In some instances, because foreclosed homeowners are often forced out of their homes, the damage left is intentional. This means there could be problems that aren’t immediately obvious to the naked eye.
And unlike normal situations, the seller of a distressed property isn’t responsible for damages at the time of the sale. Instead, it’s up to you as the buyer to take responsibility for repairs.
That’s why it’s so crucial that you have the property inspected by a trusted inspector. You need to know ahead of time exactly what sort of damage you’ll be dealing with once the property is yours.
3. Have Cash Upfront
If you have a lot of cash at your disposal when you prepare to purchase a distressed home, the process will go a lot smoother for a few reasons.
First, the larger the down payment you can make, the more seriously your lender will take your offer.
Because if you can put down 20 to 25 percent of the asking price, you’ll be convincing the bank that you’re a safe bet.
Second, the unique aspects of buying a distressed property tend to cost extra money. Home inspections and extensive repairs can’t always be covered by the loan you take out. In fact, if there’s too much damage, the bank may not even want to approve your loan.
You may have to create an escrow account to cover the repairs or take out another loan altogether.
But if you have enough money upfront to both offer a sizeable down payment and handle repairs and inspection costs, you’ll get through the process in no time at all.
4. Budget Carefully
Even after the property has been thoroughly inspected, there may still be more repairs needed. So, when you’re calculating your budget, add 10 to 20 percent extra to your renovations fund.
Be sure to take a hard look at your full financial picture and consider any assets you have. Determine the amount of capital you can spend on your purchase and stick to it no matter what.
Your credit score and financing options are the most important aspects of buying a distressed property, but every little bit extra helps.
And when you offer a price, try to be realistic about it. Don’t offer a high price and push your budget to the very limit if you think you might do just as well with a lower offer.
5. Take Advantage of Your Leverage
When negotiating with your lender, there is one area in which you have the upper hand.
If the distressed property is in poor condition and the bank refuses to lower the price, you can ask the lender to conduct a full appraisal of the property.
If the official appraisal is much lower than the asking price, you can use that to your advantage.

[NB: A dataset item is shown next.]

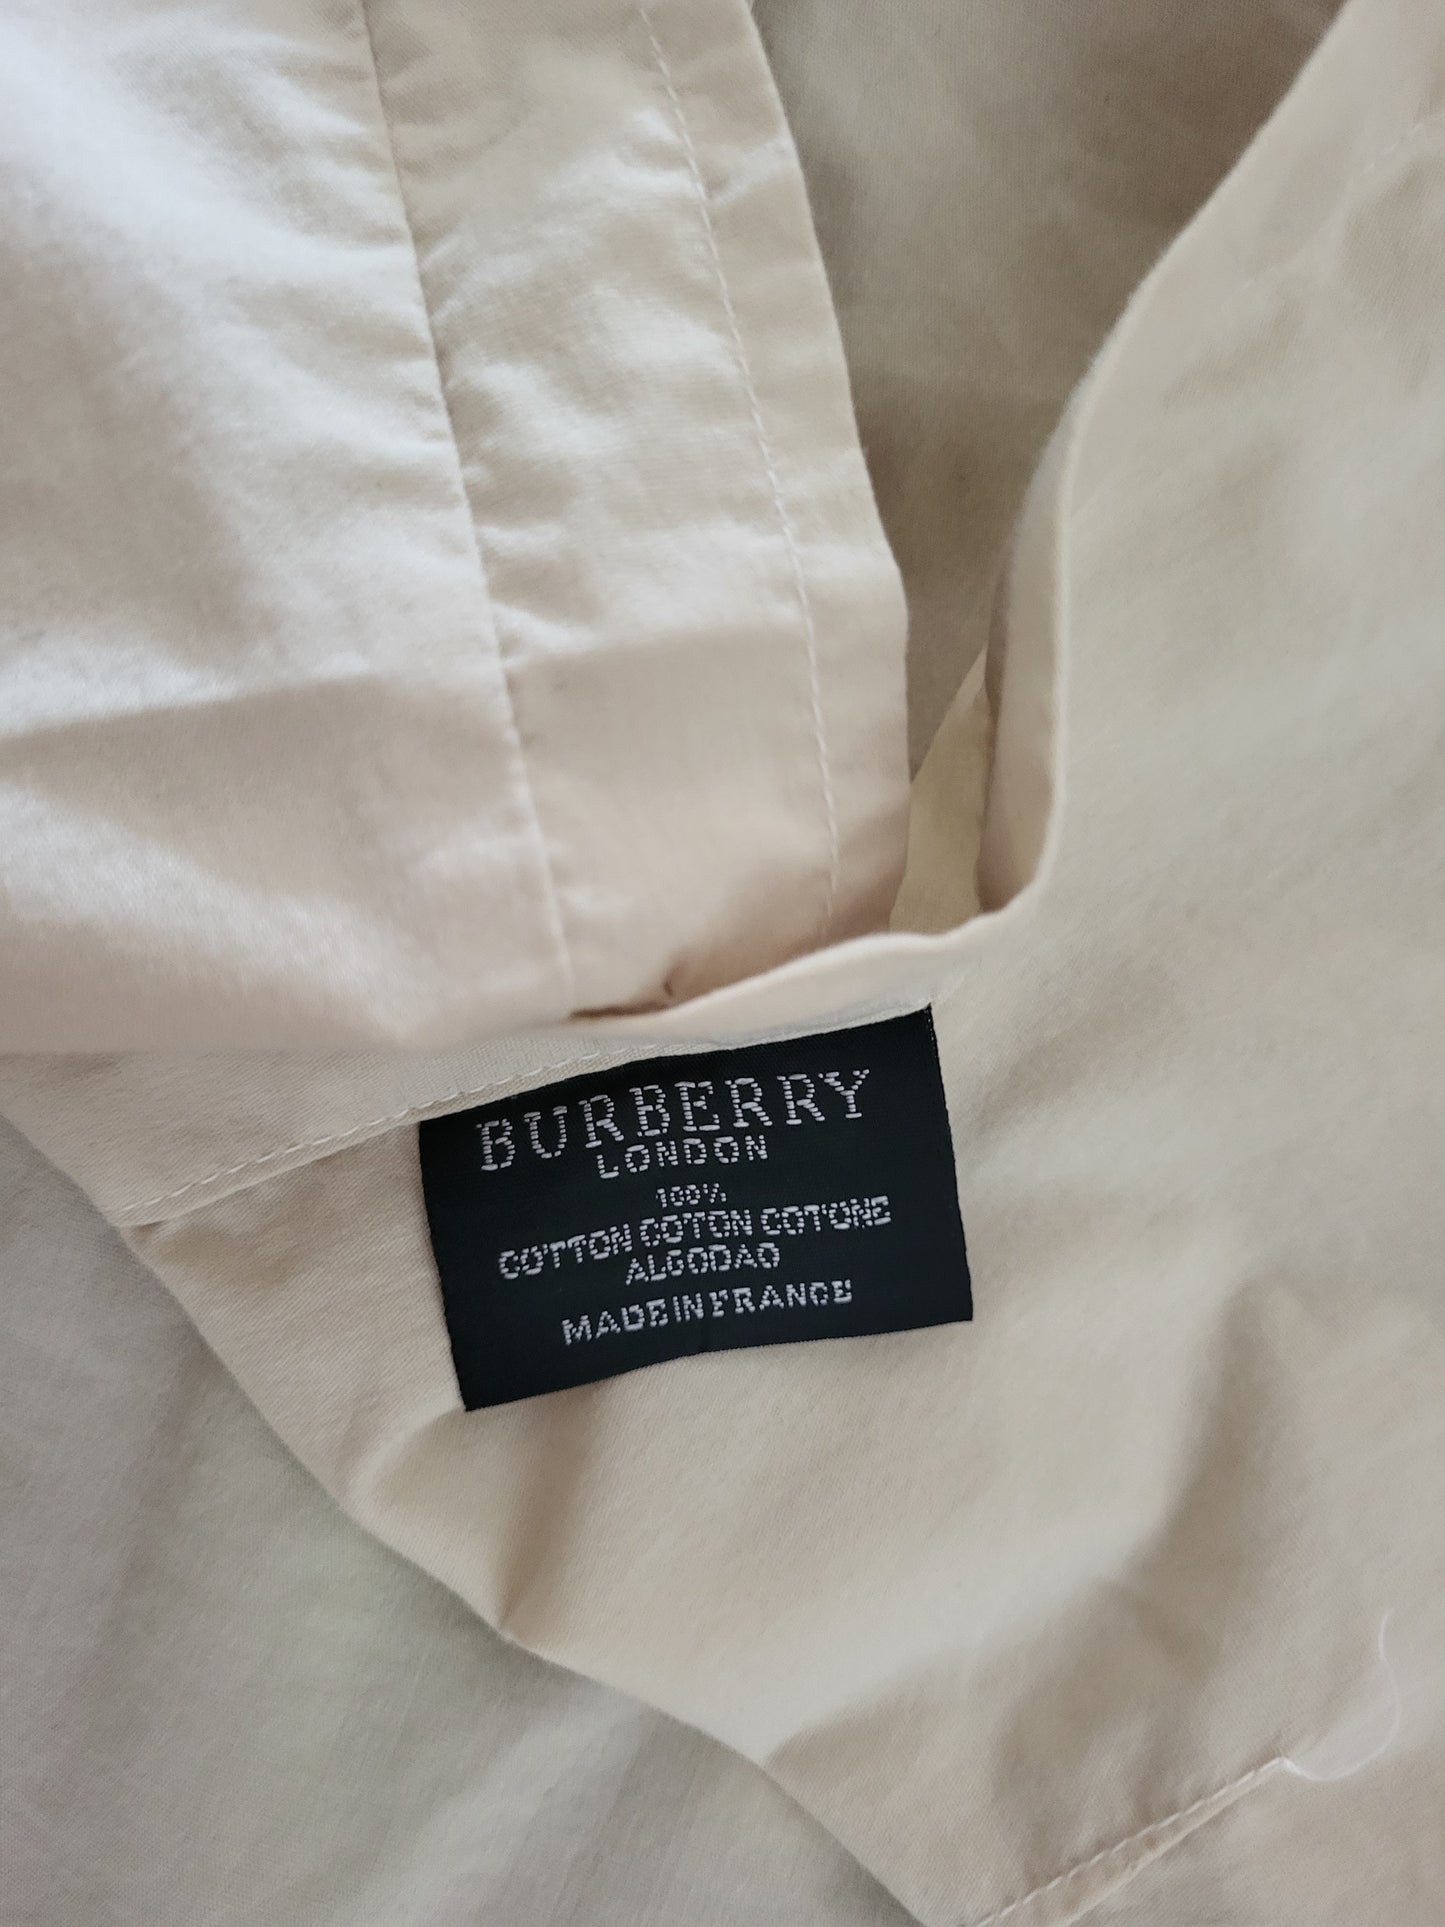 Burberry - Bluse/Hemd - Klassisch - Vintage - Beige - Damen - S/M

Tell the bank you want to pay a lower price than they were initially asking, using the appraisal number as your evidence for why it should be lower.
6. Learn the State Foreclosure Laws
If you plan on becoming a regular investor in distressed properties, it’s critical that you familiarize yourself with local laws.
Many states tie lenders up in a complicated judicial process before they can ever foreclose on a home. Sometimes this takes up to 12 months, or even longer in some cases. These states are called judicial states.
Fortunately for us Texan buyers, Texas is a non-judicial state. The foreclosure process should never take as long here as it would in a state like New York or Connecticut.
But you would still be wise to stay up to date on laws affecting distressed properties in your area. An unforeseen change to the law could affect your purchase in significant ways, so you should always be prepared and in-the-know.
Buying a distressed property is undeniably a solid way to find a great deal. Not only are you guaranteed a low price, but you may get a fantastic return on your investment if you decide to sell the property later down the road.
Don’t expect everything to fall into place overnight, but don’t be caught off guard if you have to make any sudden decisions. If you work with a professional who has extensive real estate experience, you’ll have exactly what you need to get through the process like an old pro.